My dad had a coworker in the federal govt who was an RCAF fighter pilot who managed to rip off a BF 109 to get back to the UK.

A lot of my (or our, Dopers’) generation have had experiences like that related to us. To the folks in power these days, I think that all of this is, almost-ancient, history such that the consequences of authoritarianism are simply things from overexaggerated dystopian fiction.

I remember when Bush the elder was running for presidency and I thought his military service was during Vietnam or Korea. It was a shock even then to discover a WWII vet was still active in politics. WWII was grandparents war in my mind.

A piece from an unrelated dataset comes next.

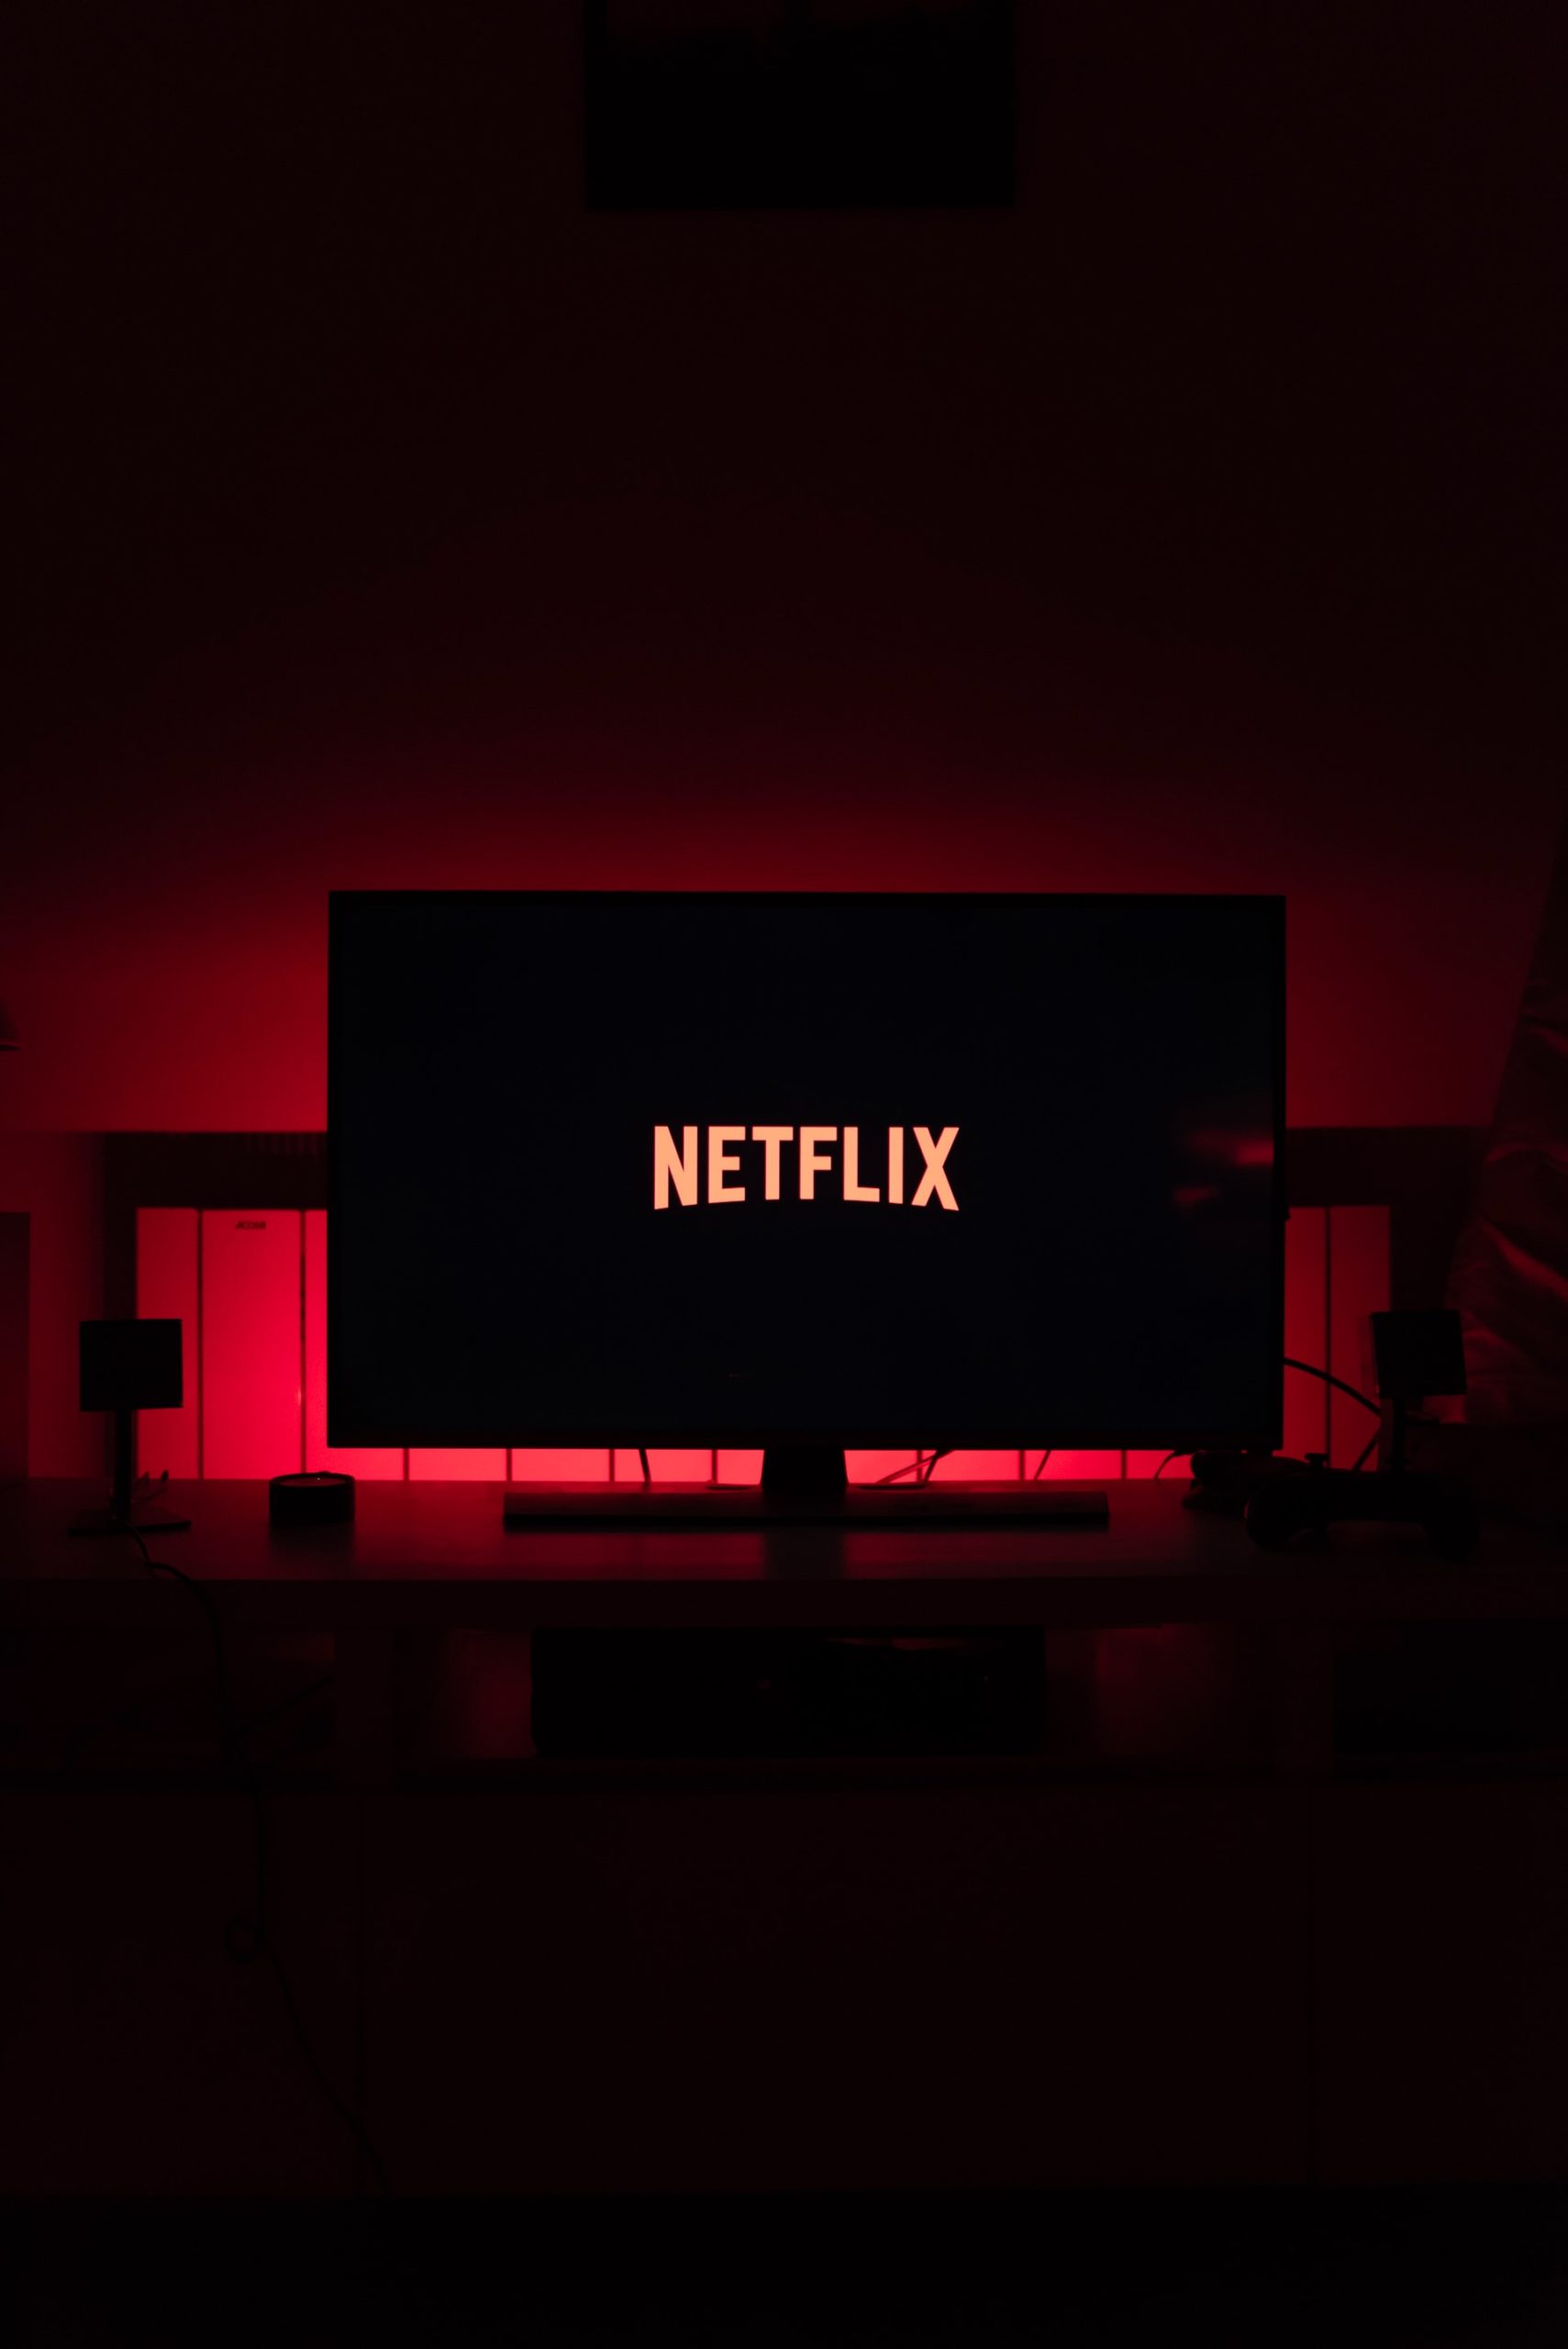 Netflix Raises Prices Of Standard and Premium Packages in the U.S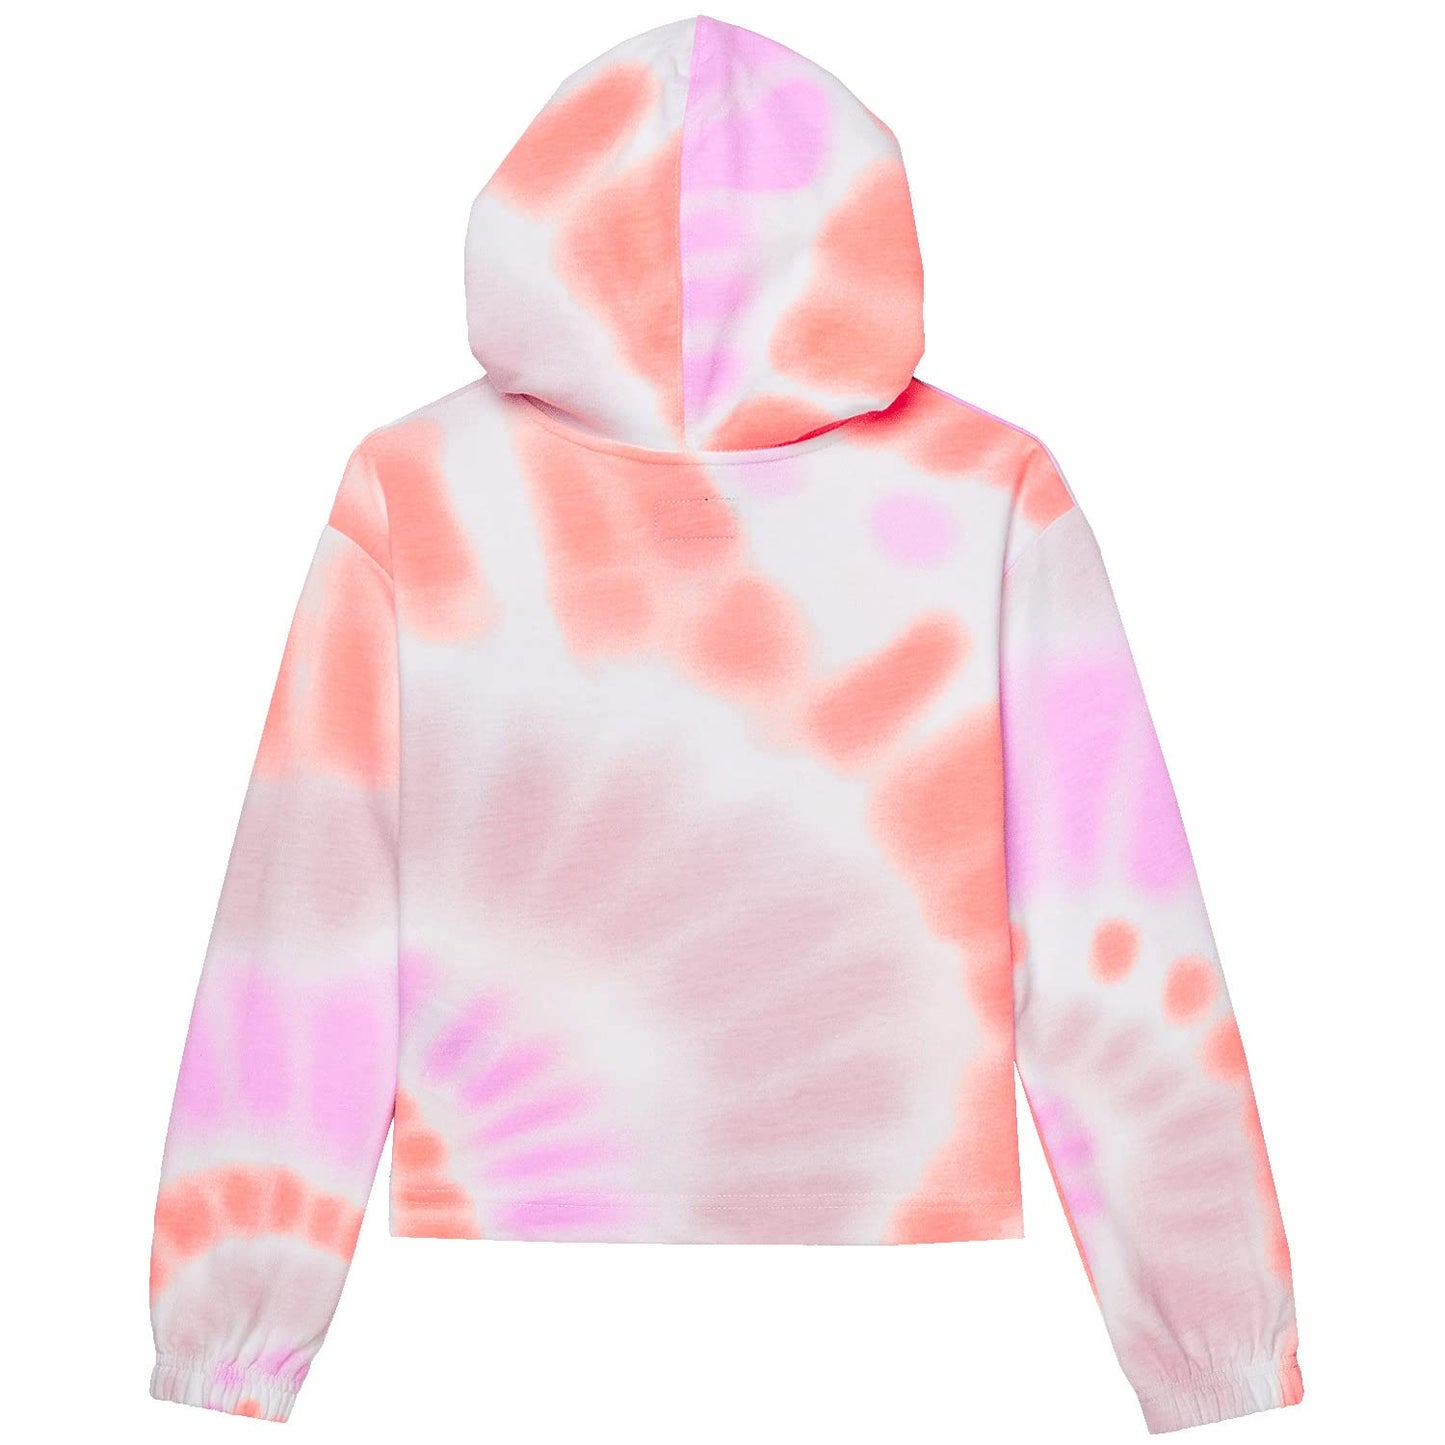 Image 2 of All Over Print Tie-Dye Boxy Hoodie (Toddler/Little Kids)

I don’t know where that data come from (the plot says “Census Bureau” but no clue as to what data it is actually using) but the National Association of Realtors—who, you might say have a vested interest in knowing their market—show a quite definite trend of declining proportion and increasing age of first time buyers.

From the summary:

  • First-time buyers decreased to 24% of the market share(32% last year). This year now marks the lowest share since NAR began collecting the data in 1981.
  • The median first-time buyer age increased to 38 years old this year from 35 last year, while the typical repeat buyer age also increased to 61 years from 58 last year

The full report will cost you a nickel short of $200 but presumably goes into more detail.

Stranger

That’s projecting American politics onto Europe; there’s plenty of anti-immigrant hostility and general xenophobia in the European Left.

You can click through to the Dean Baker article with a link to the Census Bureau data. And I’ll take neutral data and analysis over a trade group’s doomsaying any day.